- Given material:
--- --- ---
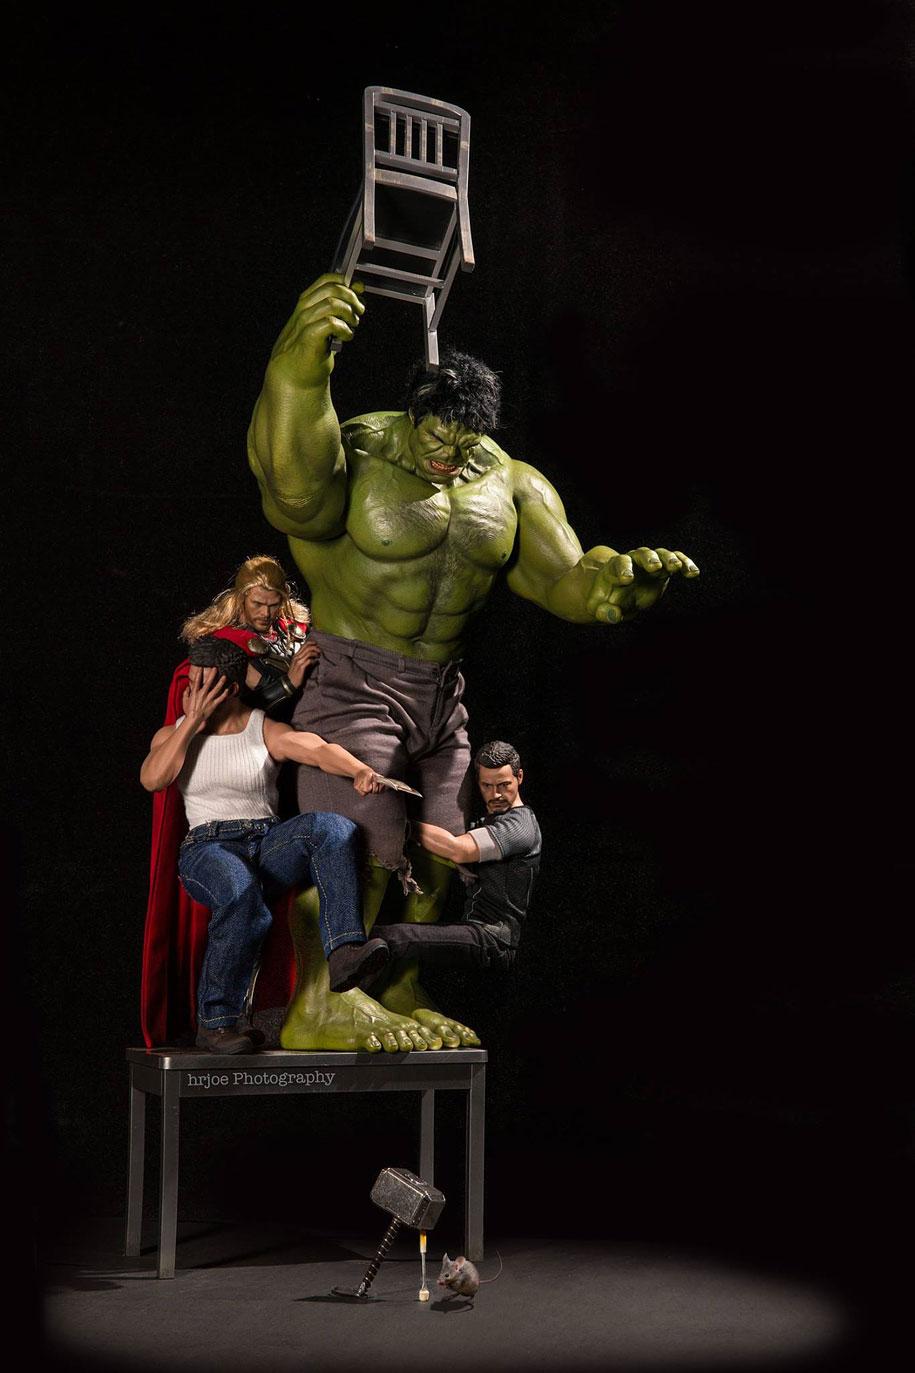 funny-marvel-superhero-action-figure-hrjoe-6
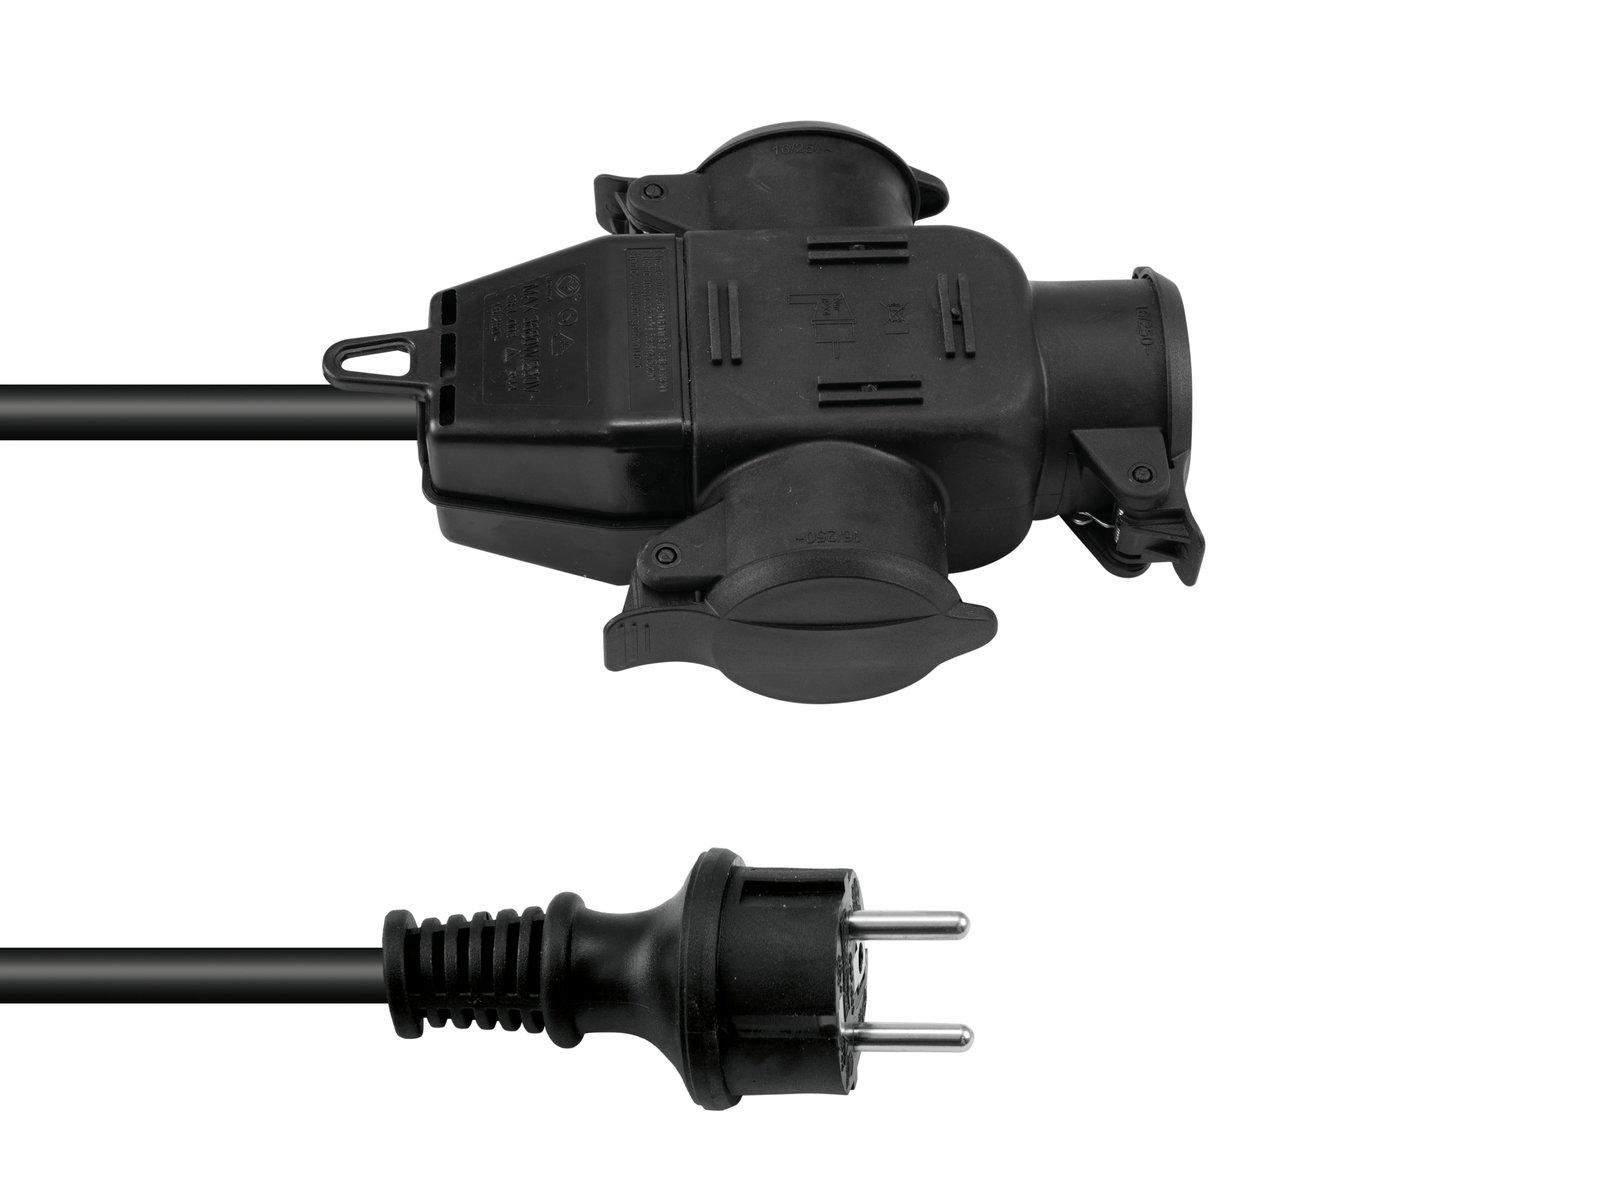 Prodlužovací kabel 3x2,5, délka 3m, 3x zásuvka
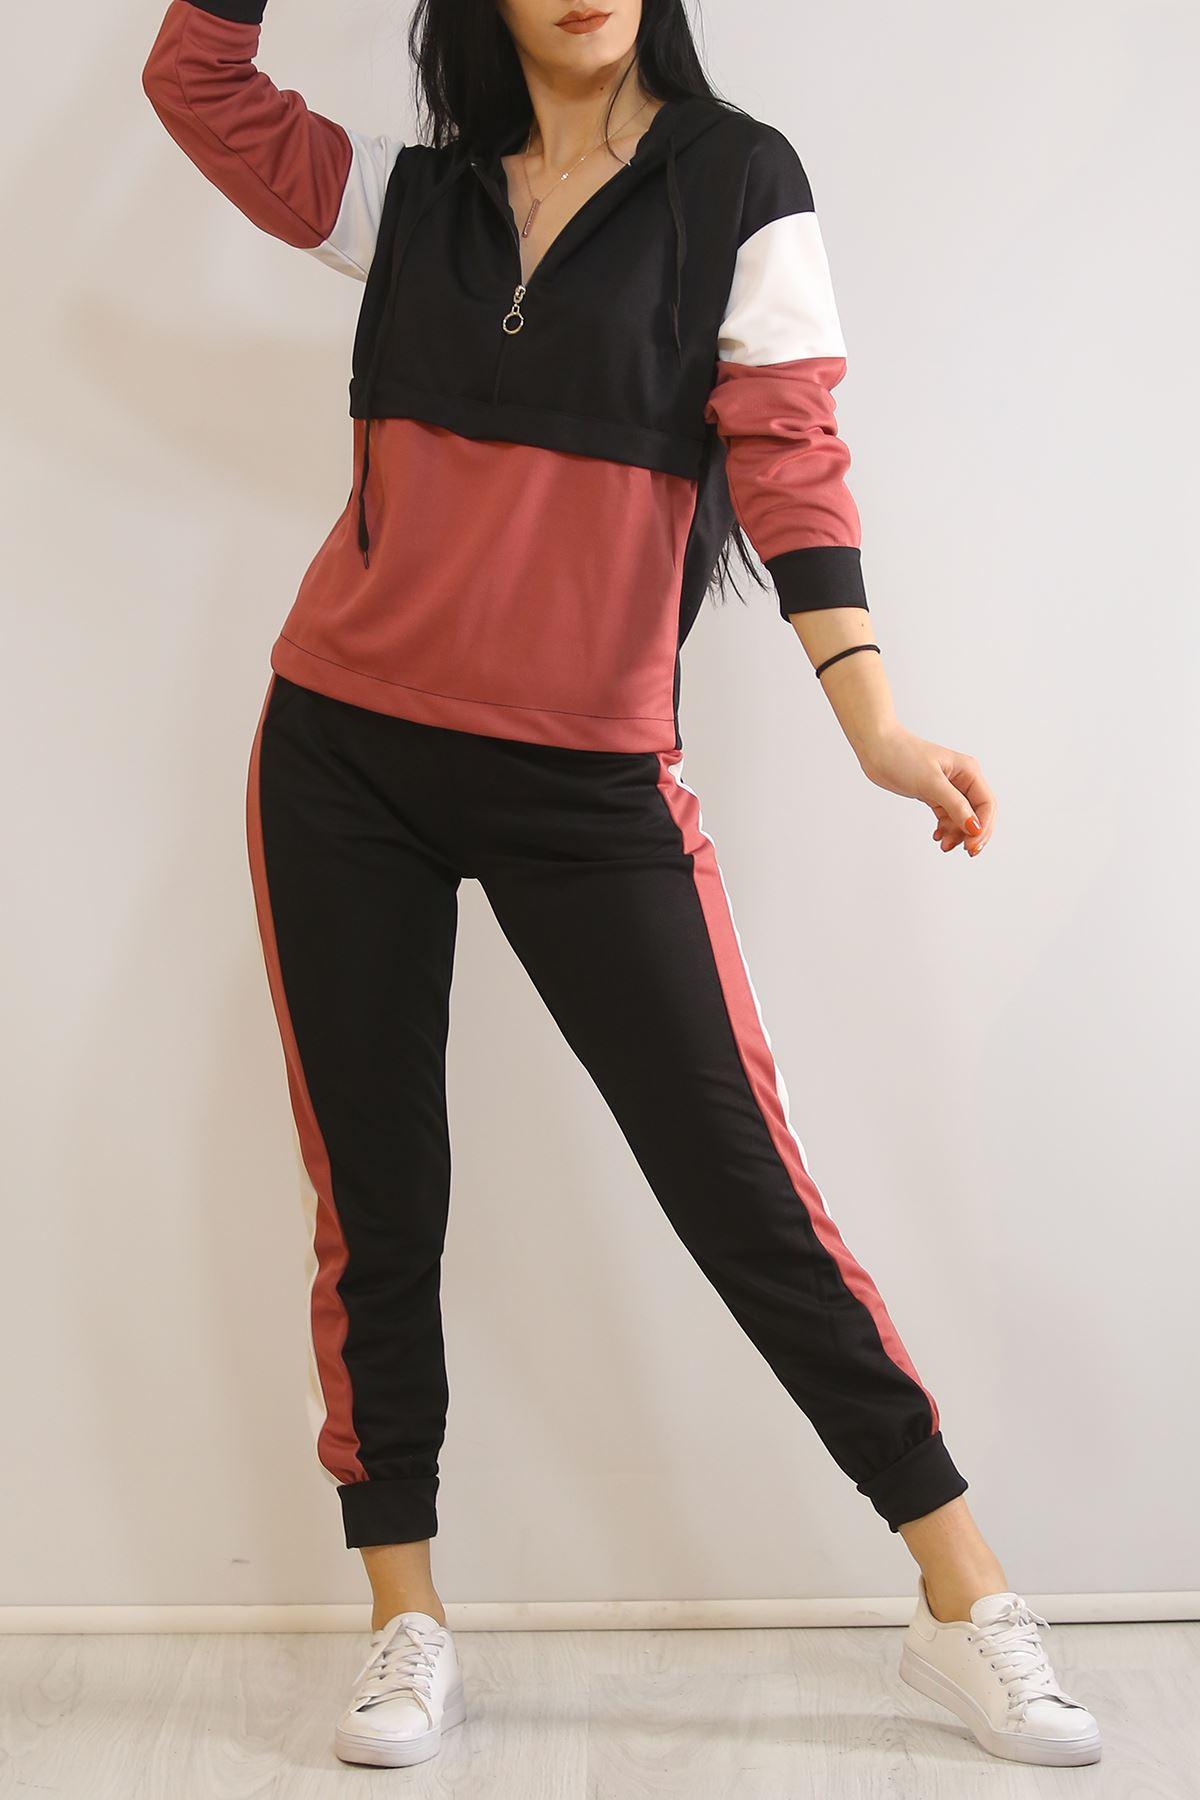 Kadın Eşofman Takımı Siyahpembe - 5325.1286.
--- --- ---
- Task objective:
The line containing "Prodlužovací kabel 3x2,5, délka" and every line after it, through the end of the data, are to be output exactly. Omit the pictures.

- Answer section:
 Prodlužovací kabel 3x2,5, délka 3m, 3x zásuvka
 Kadın Eşofman Takımı Siyahpembe - 5325.1286.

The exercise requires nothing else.